The clean-up of old – and even bomb-damaged – vehicle plants is a challenge for OEMs. The former Zastava car production facility, now located in Serbia, has only recently been cleaned in arguably the most hazardous and time-consuming automotive site reclamation ever undertaken. The process took almost 10 years to complete.
Located in Kragujevac, approximately 100km (60 miles) south of the now Serbian capital of Belgrade, the facility was part of an industrial complex made up of dozens of smaller companies, many of which are still on operation producing heavy machinery, cars and trucks, and even light weapons. The car factory, now owned by Fiat Group, is located on the Lepenica River, a tributary of the Velika Morava which in turn meets the Danube 60km downstream. In 1999, NATO bombing of the then Yugoslavia resulted in extensive damage to the car plant, allowing a toxic cocktail of chemicals to flow unchecked into Europe’s second largest river.
Following the cessation of hostilities, the United Nations Environmental Program Balkan Task Force (UNEP/BTF) began the difficult task of assessing the worst hot spots of environmental damage and the health risks posed by each site. It soon became apparent that controlling the large-scale contamination at the Zastava plant was an urgent priority. Kragujevac was bombed on two occasions in April 1999. Subsequently, large quantities of polychlorinated biphenyls (PCBs), a mix of 209 individual chlorinated compounds generally used as coolants and lubricants in transformers and other electrical equipment, were released into the surrounding environment. Due to the severe health risk posed by such substances, PCBs were banned in the US as long ago as 1977.

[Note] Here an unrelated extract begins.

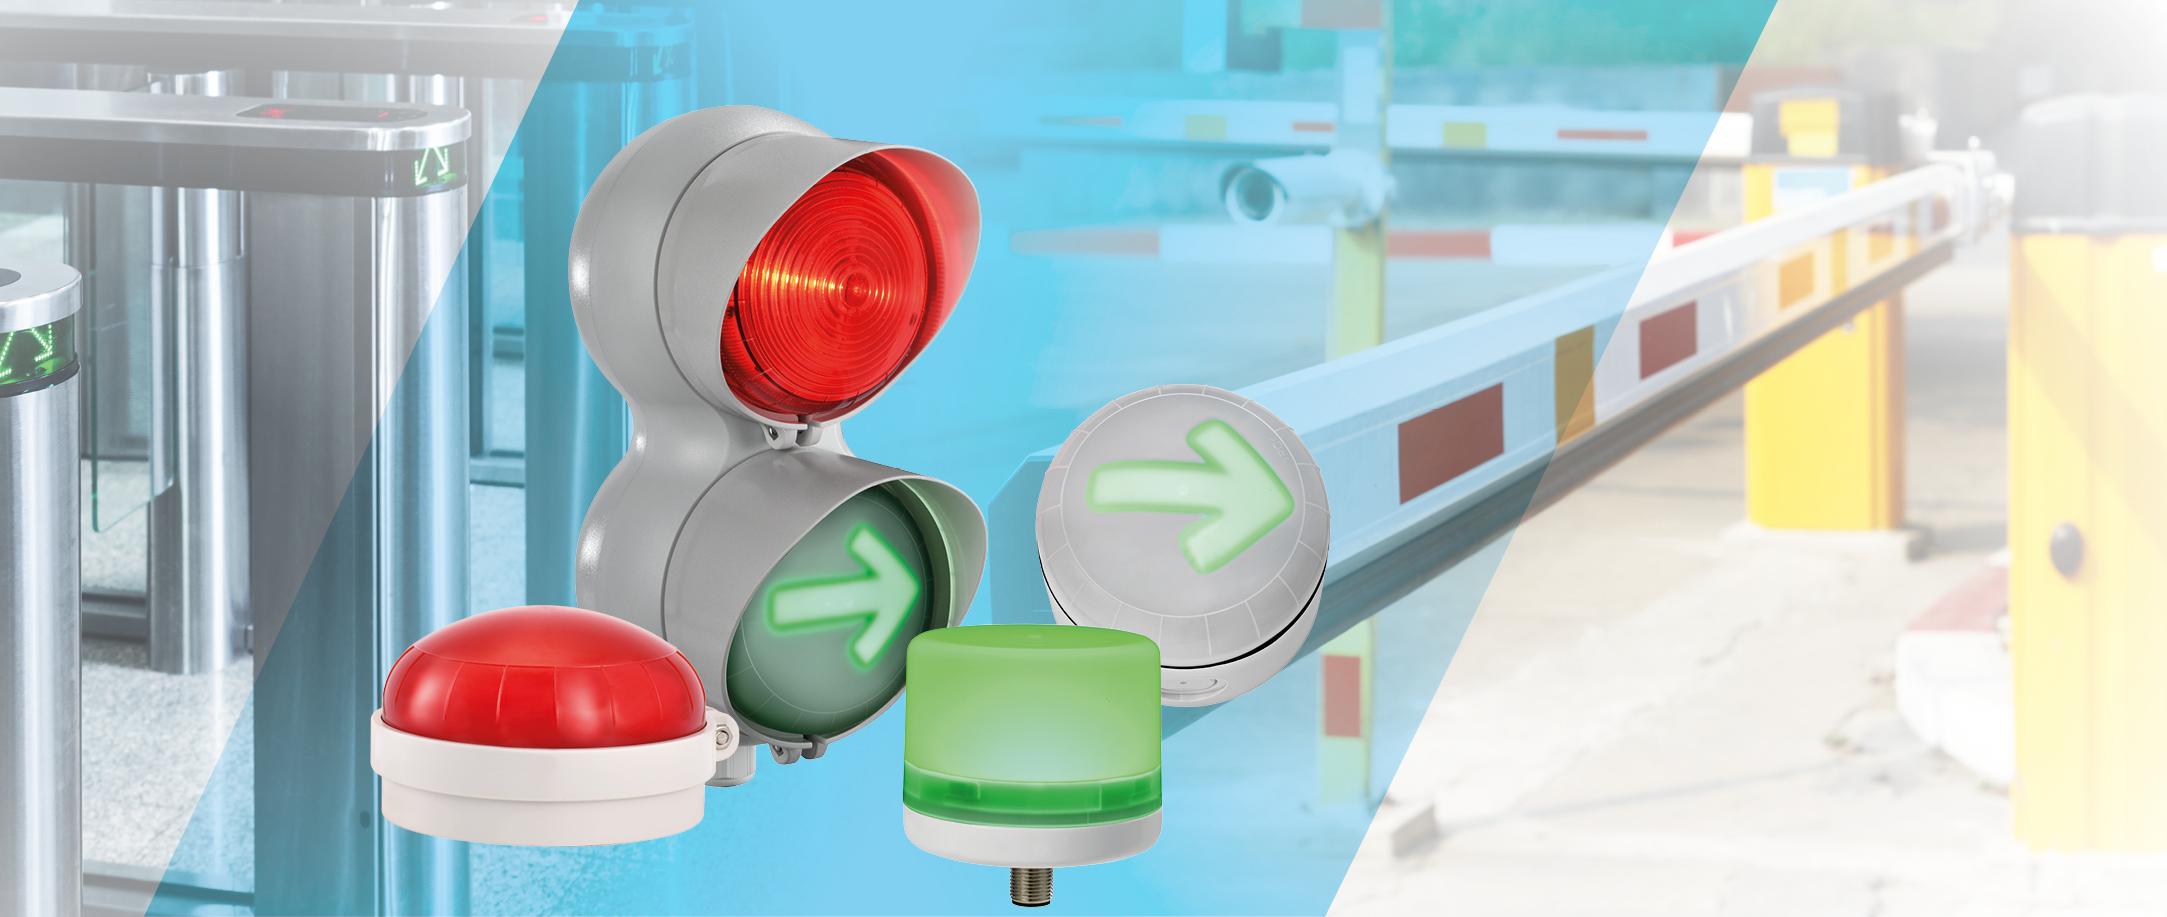 Segnalazione acustico-luminosa per celle frigorifere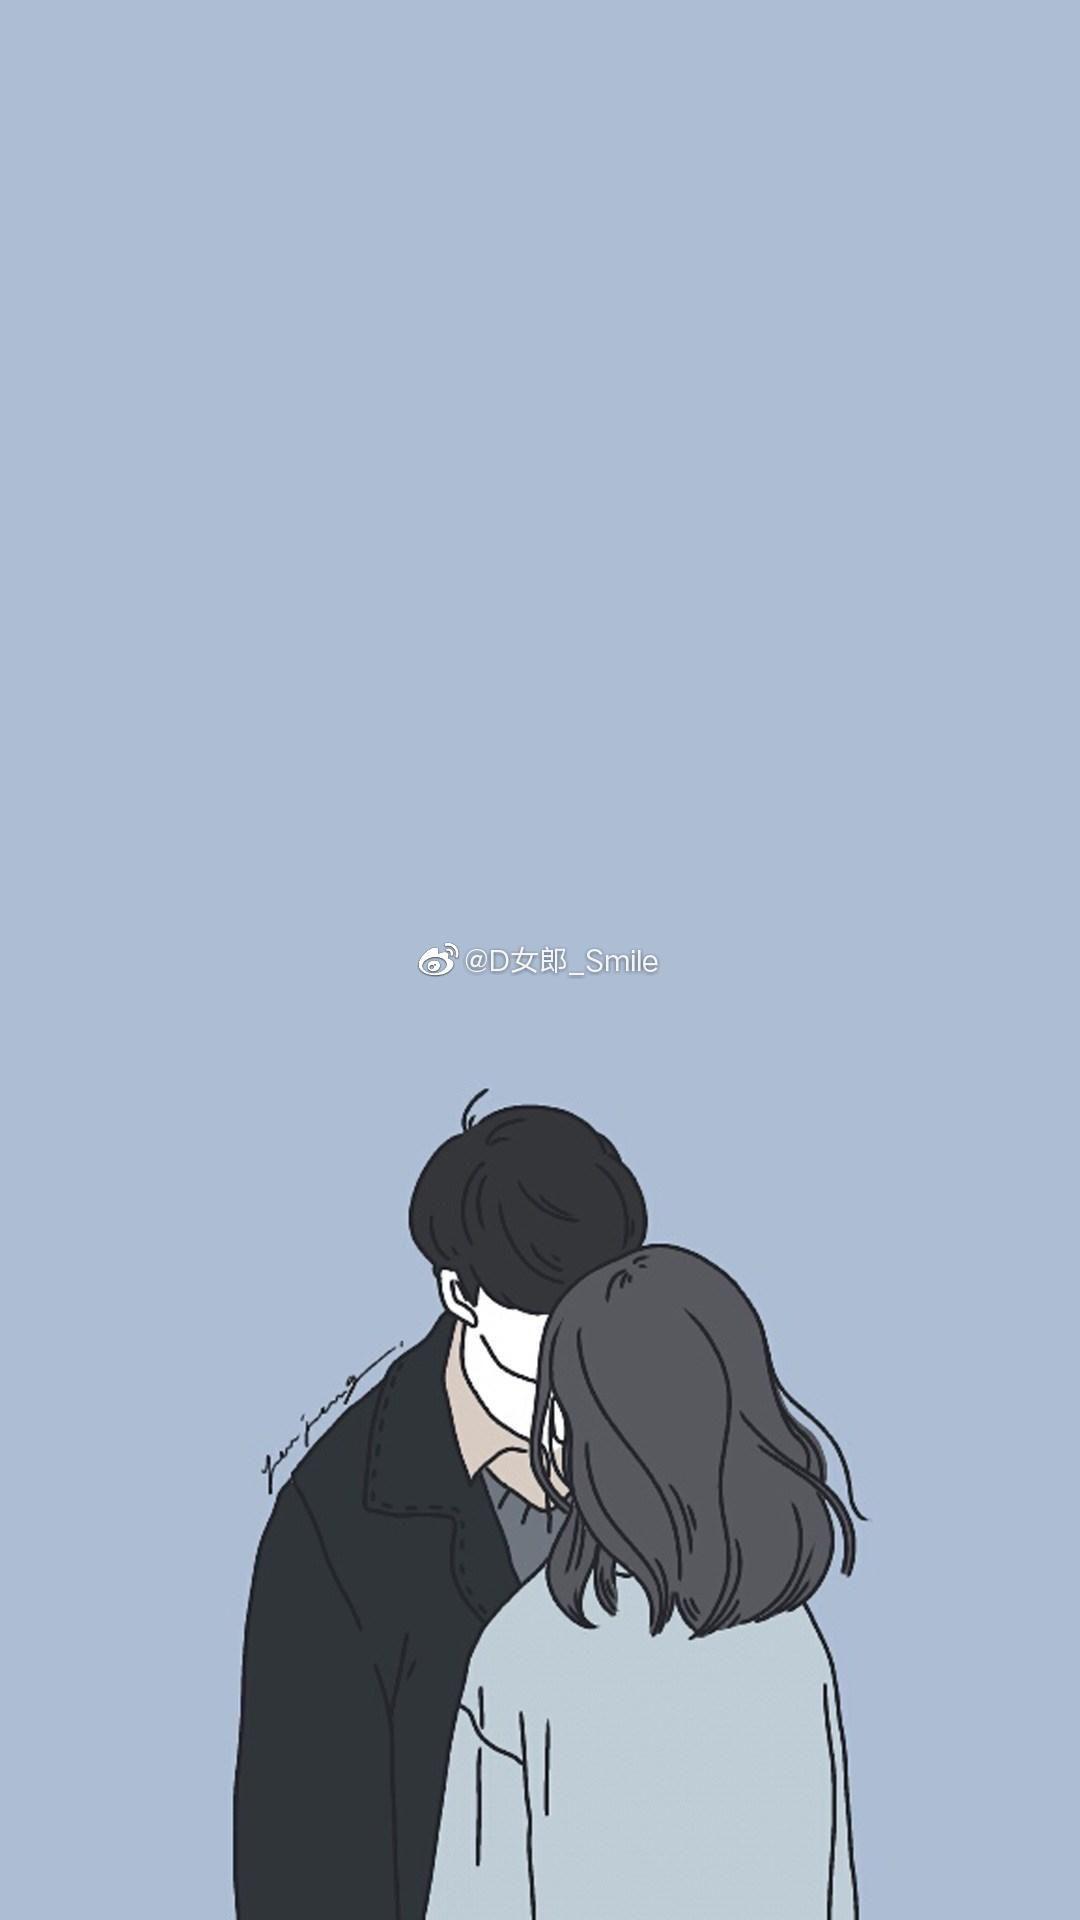 Pin Oleh Iuoɹ Di Art Illustration Ilustrasi Karakter Orang Animasi Ilustrasi Orang

Zastava, Serbia’s oldest industrial fi rm, was founded in 1853. In 1904, it branched out into automotive repair work, but it wasn’t until 1953 that it started passenger vehicle production. The state-controlled fi rm built various small Fiat models under licence until 1990, some marketed under the Yugo brand in Europe and markets in North and South America. Production at Zastava was severely affected by Balkan war in the early 1990s, with its supply chain drying up due to international sanctions. Bombing by NATO forces followed in 1999. Though directed at the company’s arms-making operations, the automotive manufacturing operations were also targeted on several occasions. With a new Serbian government in place, Zastava, still state-owned, was recapitalised in late 2000. It began building the Florida, a small hatchback, with assembly of the second-generation Fiat Punto added in 2005, badged ‘Zastava 10’. In May 2008, Fiat Auto agreed to buy 70% of Zastava from the Serbian government. A planned major investment programme was delayed, only to be revived in less ambitious form in late 2009, as the recent European recession began to subside. According to statements from the Serbian government, Fiat Auto intends to manufacture a small car, codenamed Progetto 327, at the Kragujevac works, starting in 2011
At the Zastava site, a power station, the entire assembly line, the paintshop and a complex of office buildings were either heavily damaged or destroyed. According to the UN task force, two damaged transformers had leaked PCBs into the surrounding area. An estimated 1,400 litres of pyralene oil (transformer oil composed of PCBs and another highly toxic substance, tricholrobenzenes, otherwise known as ‘trike’) had leaked into the floor and waste pits. The gravel basin under the transformers, designed to contain such leaks, was unable to cope with the volume of fluid that was released. Concentrations of PCBs around the rainwater drain were found to be even higher than those inside the plant. Co-coordinated by UNEP/BTF, the clean-up programme involved a specialist team from the University of Kragujevac’s Institute of Chemistry. The partnership quickly began the process of removing contaminated concrete and layers of sub-soil. The excavated waste was packaged for final treatment, while a new soil and concrete base was laid down, sealed by an epoxy resin.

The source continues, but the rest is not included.